You run ollama pull llama3.3:70b on a workstation with a 1 Gbps connection and it crawls to 47% and hangs. The progress bar stops refreshing, the terminal shows no new bytes, and hitting Ctrl+C then re-running the same command restarts from 0% rather than resuming. This happens across Ollama 0.3 and 0.4 on both macOS and Linux, and it almost never means the model registry is down. The root causes are nearly always local: a stalled TCP connection, a full disk mid-write, a corrupted partial blob, or a proxy that terminates long-lived HTTP streams.
Common causes
Ordered by hit rate, highest first.
1. Network TCP stream times out silently
Ollama streams each layer as a single HTTP range request. Corporate proxies, home routers with aggressive idle-connection timeouts, and some ISPs will silently drop the TCP connection after 30-120 seconds of low throughput — especially for large layers (10+ GB). Ollama 0.3.x does not retry individual layer chunks, so the download appears stuck without an error.

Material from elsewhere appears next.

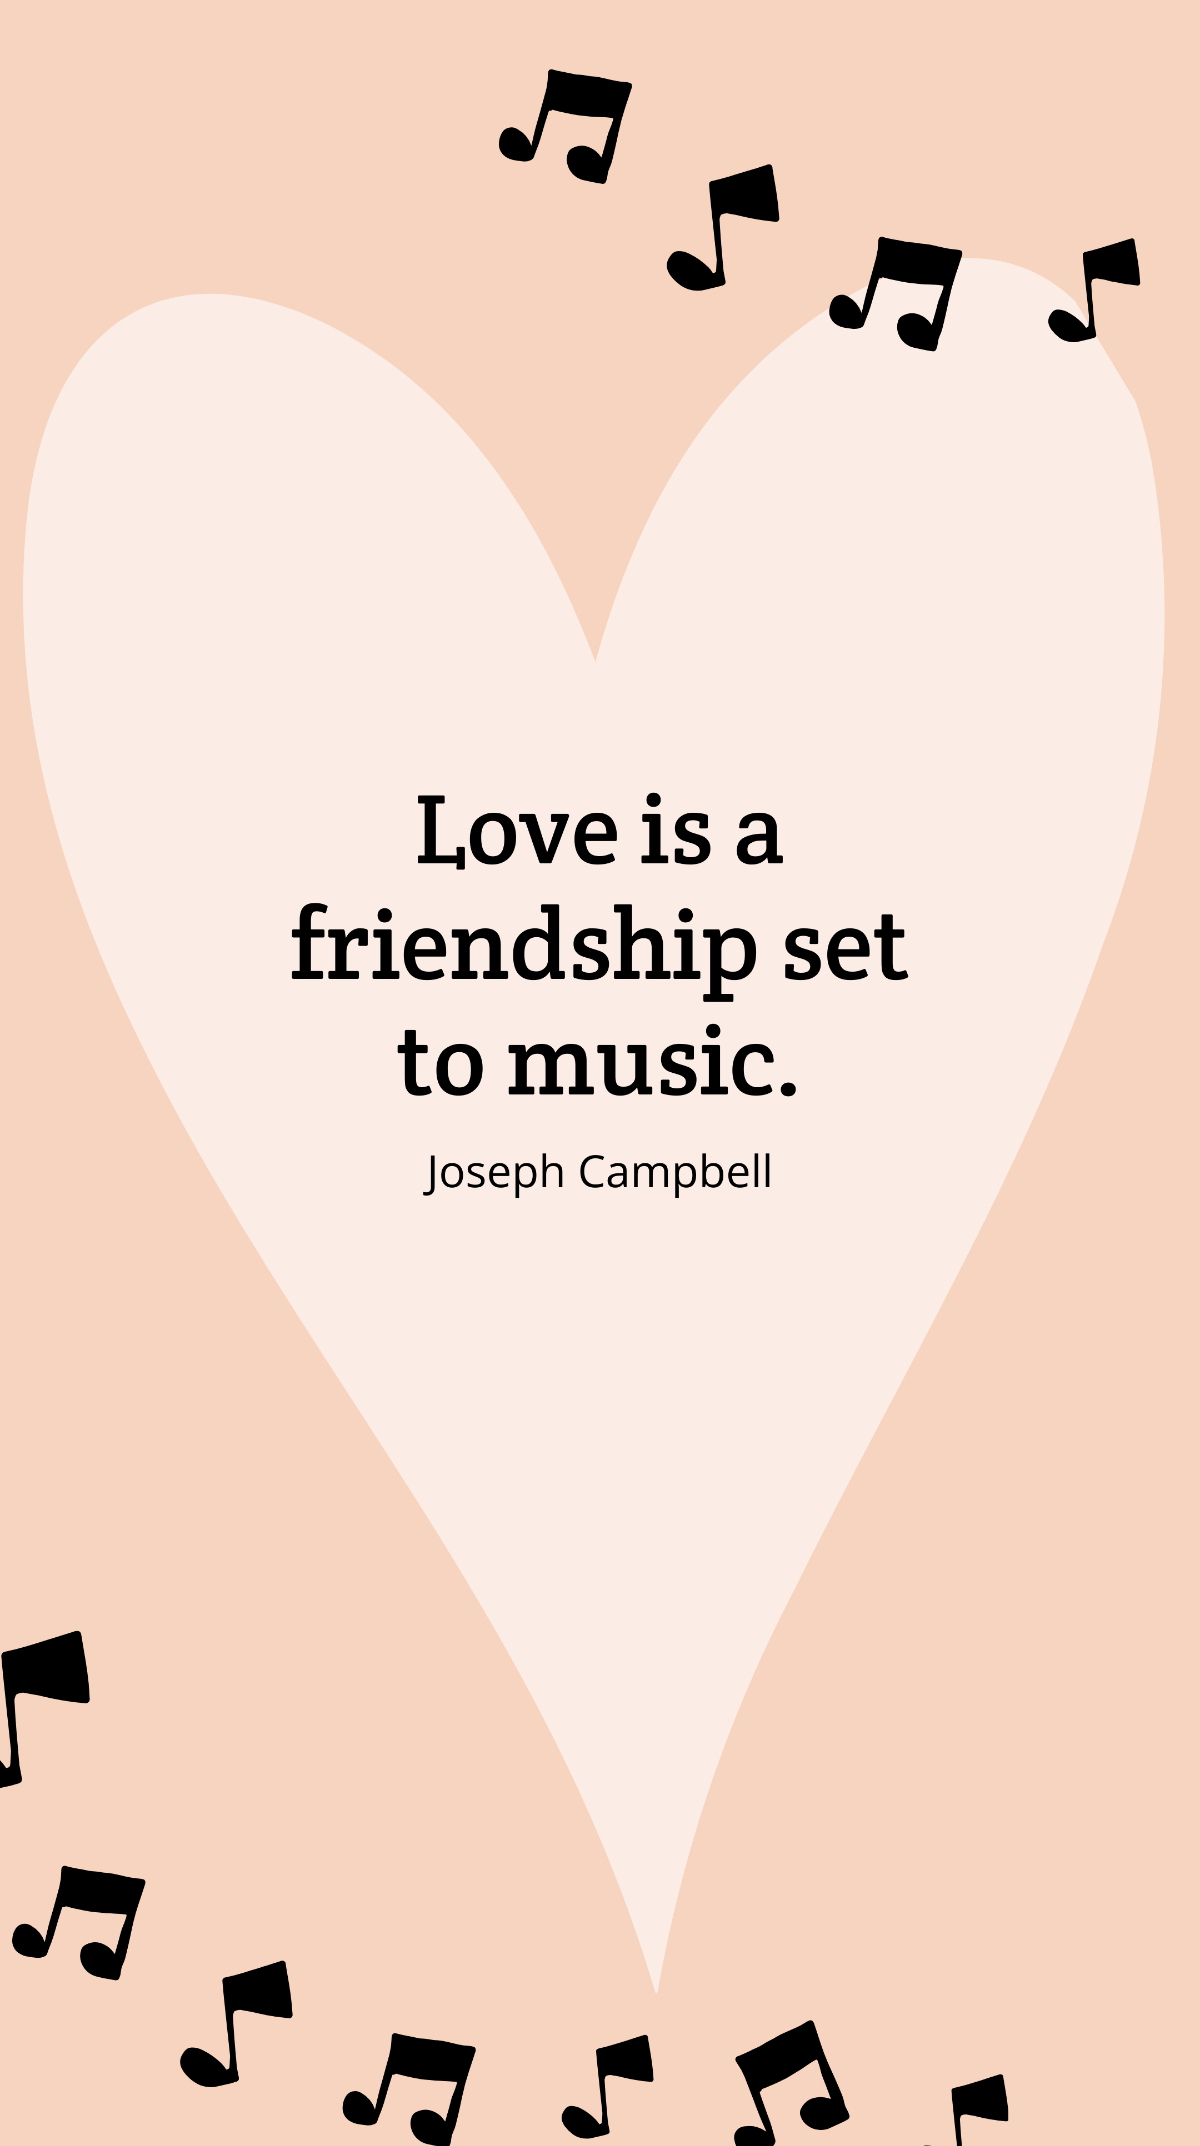 Joseph Campbell - “Love is a friendship set to music.” Template
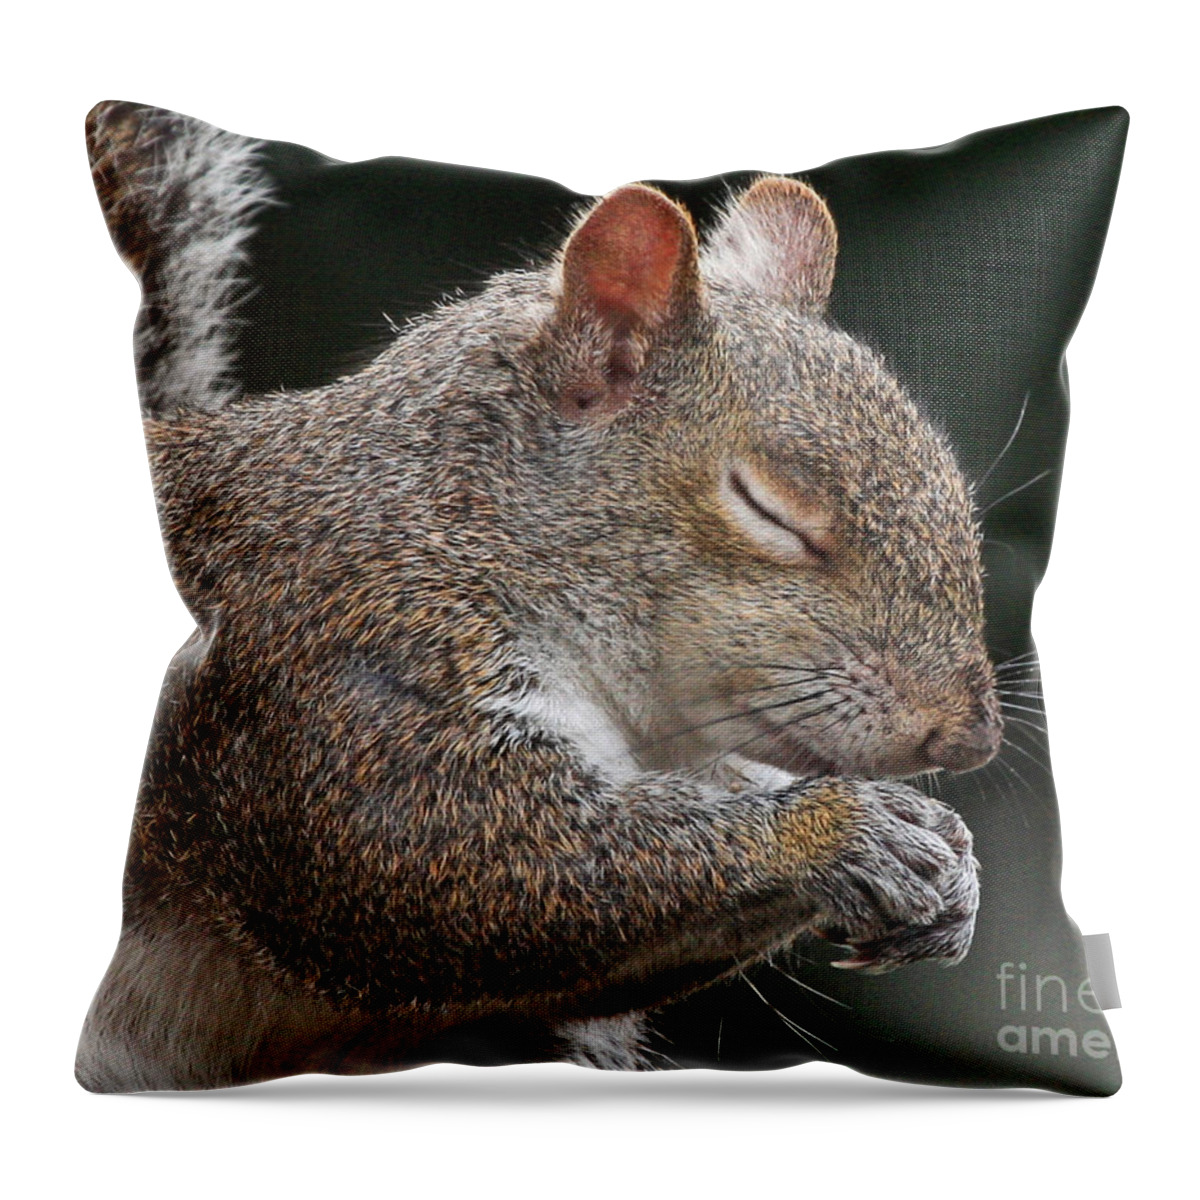 Squirrel Throw Pillow featuring the photograph Squirrel Giving Thanks by Luana K Perez

How to spot it: Run ss -tn | grep :443 or netstat -an | grep ESTABLISHED in another terminal while the pull hangs. If the connection to registry.ollama.ai disappears from the list, the TCP session dropped.
2. Target disk is full mid-download
Ollama writes blobs to ~/.ollama/models/blobs/ on macOS/Linux or %USERPROFILE%\.ollama\models\blobs\ on Windows. If that volume fills up during the download, the write stalls silently rather than throwing an error.
How to spot it: Run df -h ~/.ollama while the download is hanging. If “Use%” is at or near 100%, disk space is the cause.
3. Corrupted partial blob from a previous interrupted download
A prior interrupted pull leaves a partial .part file in ~/.ollama/models/blobs/. Ollama 0.3 tries to continue writing into it but the checksum boundary is wrong, so it stalls trying to validate a corrupt chunk.
How to spot it: Run ls -lh ~/.ollama/models/blobs/ | grep '.part'. Any .part file older than the current session indicates leftover state.
4. DNS resolution failure for layer CDN hosts
The blob CDN (blob.ollama.ai or Cloudflare R2 buckets) resolves differently from registry.ollama.ai. If your DNS returns a bad address for the CDN host, the manifest downloads fine but the first large layer request hangs waiting for a TCP connection that never completes.
How to spot it: Run curl -v --max-time 10 https://blob.ollama.ai and check whether it times out while registry.ollama.ai responds normally.
5. OLLAMA_MODELS points to a slow or network-mounted path
If you have OLLAMA_MODELS=/mnt/nas/ollama or similar, writes to a network share can stall under sustained 5-15 GB writes. NFS and SMB can buffer and then block when the server’s write cache fills.
How to spot it: Run echo $OLLAMA_MODELS. If it points outside your local disk, move the download to a local path first.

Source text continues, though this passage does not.